Those who are easily shocked should be shocked more often.

Mae West

 

The world is full of sensitive people. Full of well meaning people, and sometimes not so well meaning, who try to model the right way to live, but very often they are surprised and shocked by what they see. They are surprised by the tug of war of human nature.

If you are shocked at what you see perhaps you should be shocked more often. Perhaps you are living too comfortably, too contently, too cleanly, or perhaps after after all this time and all these laps of time, you have not really learned what it is to to be alive at all.

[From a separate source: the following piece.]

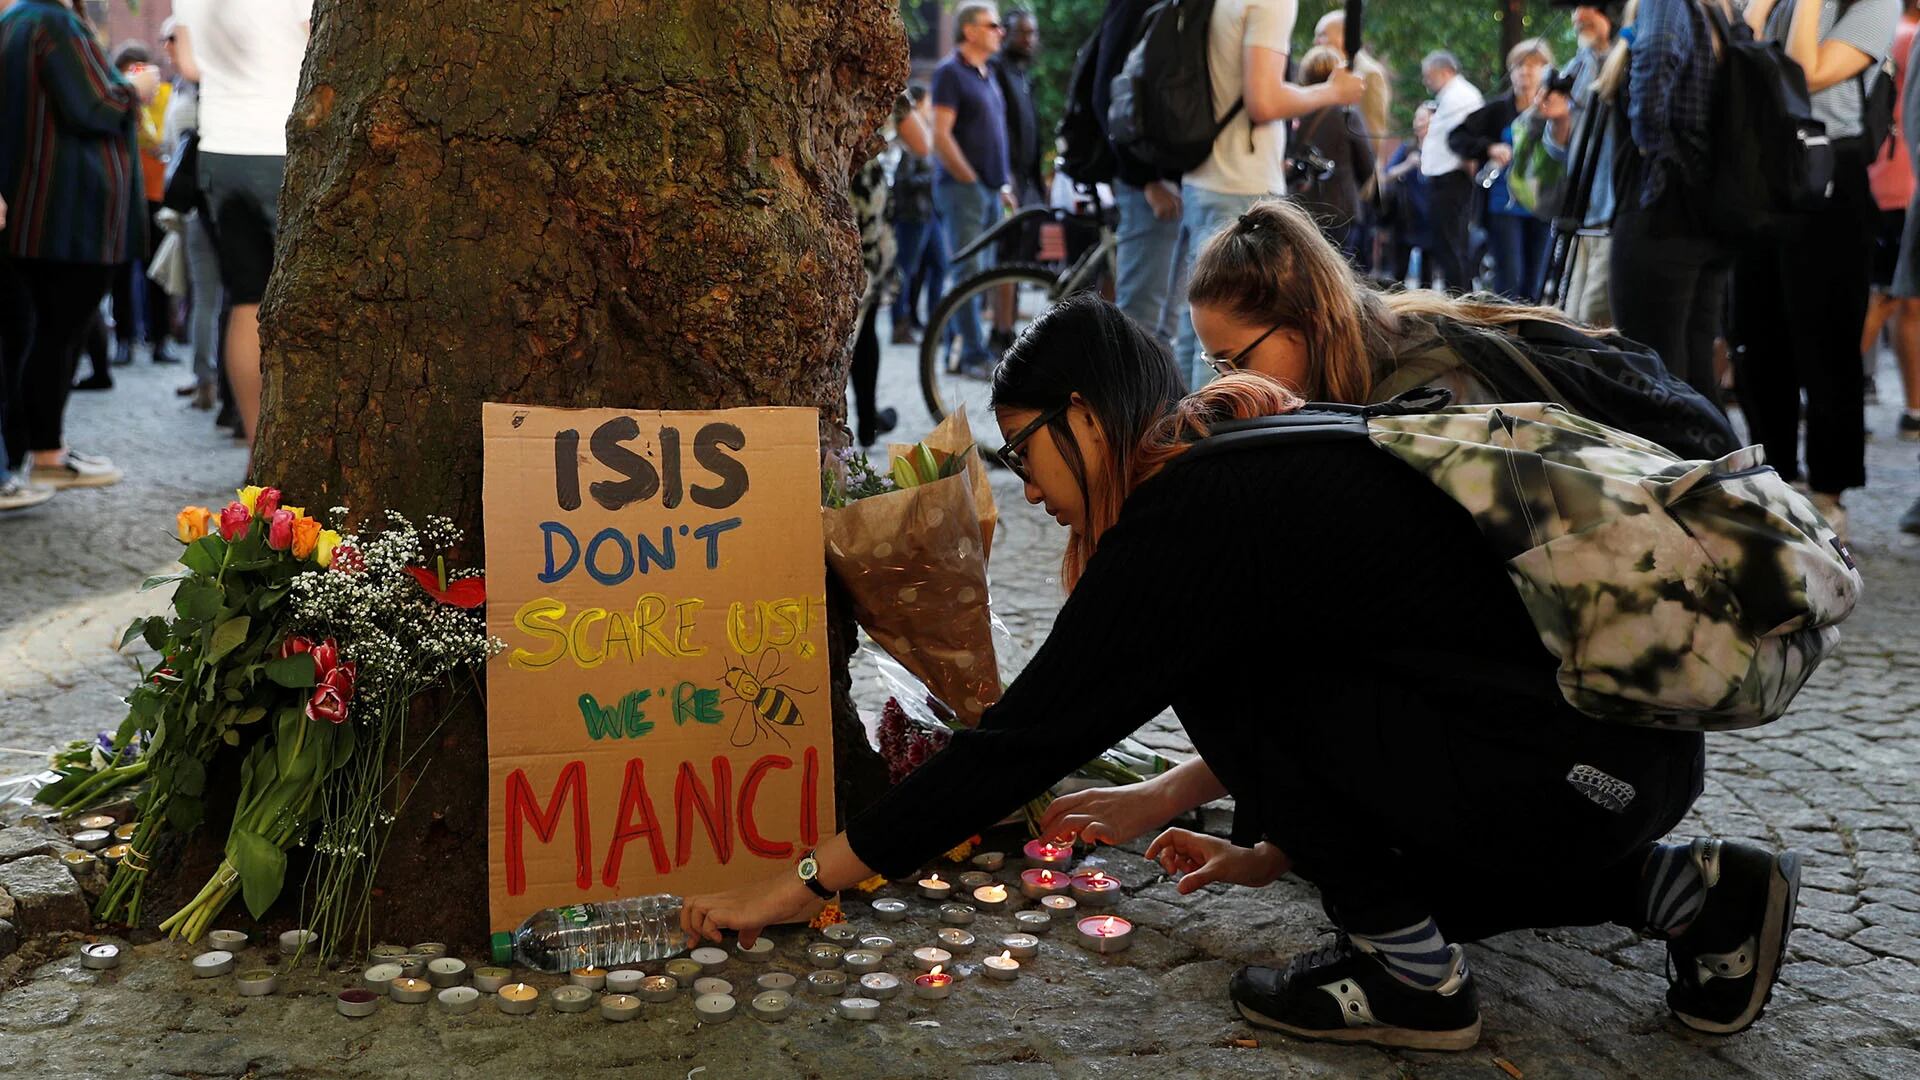 “ISIS no nos asusta”, señala un cartel apoyado sobre un árbol (REUTERS)

So if the smell and the unpleasant state of a homeless man and woman troubles or revolts you, perhaps you have never known poverty or tasted a person’s need to truly forget something. If you’re offended by people’s marital affairs and think the world is dirty, perhaps you don’t know enough about lacking self worth, or the terrible pangs of loneliness and numbness.

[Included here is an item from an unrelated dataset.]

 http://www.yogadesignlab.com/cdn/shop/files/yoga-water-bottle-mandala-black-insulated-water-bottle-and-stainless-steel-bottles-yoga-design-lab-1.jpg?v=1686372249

If you are easily shocked at your own behaviour or the behaviour of others, perhaps that means that you do a lot more watching and you should be doing a lot more living.

That homeless man’s name is John. He is a war veteran. He has done things for freedom and country he wants to forget. He is tired of being called a hero. He is tired of hearing that he did great things. He only desires to be human. He only desires to forget and be better. He doesn’t know the next step or what he should do next. There are no manuals or resources to sink your mind into. And that woman who your neighbour is banging on the side, her name is Francesca. She is a dutiful mother of three grown children, her husband prefers the company of books at his accounting firm, and has distanced himself so far away from her, that the house feels empty and cold. She didn’t intend to have a marital affair, but she didn’t imagine how cold and distant the love of her life would become after twenty five years either.

Don’t worry if you are easily shocked. Ok, worry just a little bit. Worry that your heart is not big enough, your mind doesn’t know enough, and that you still have a long way to go. A long way to go before you will be present and amerced in life, instead of absent and running through the motions.

None of this has anything to do with morals or ethics. It has everything to do with shock, perhaps your sock in how you see the world. Put your advice giving instincts away for a moment, hit pause on your need to put people into neat little moral or immoral categories. Forget about being a model of something and take a moment just to understand. Try to examine and understand someone or something without question, without the need to correct, without the need to give advice and fix, to make better, and to change.

Think only about why you are shocked. Think about what shocks you and ask if you’ve been exposed to enough of something so that some of the shock naturally goes away.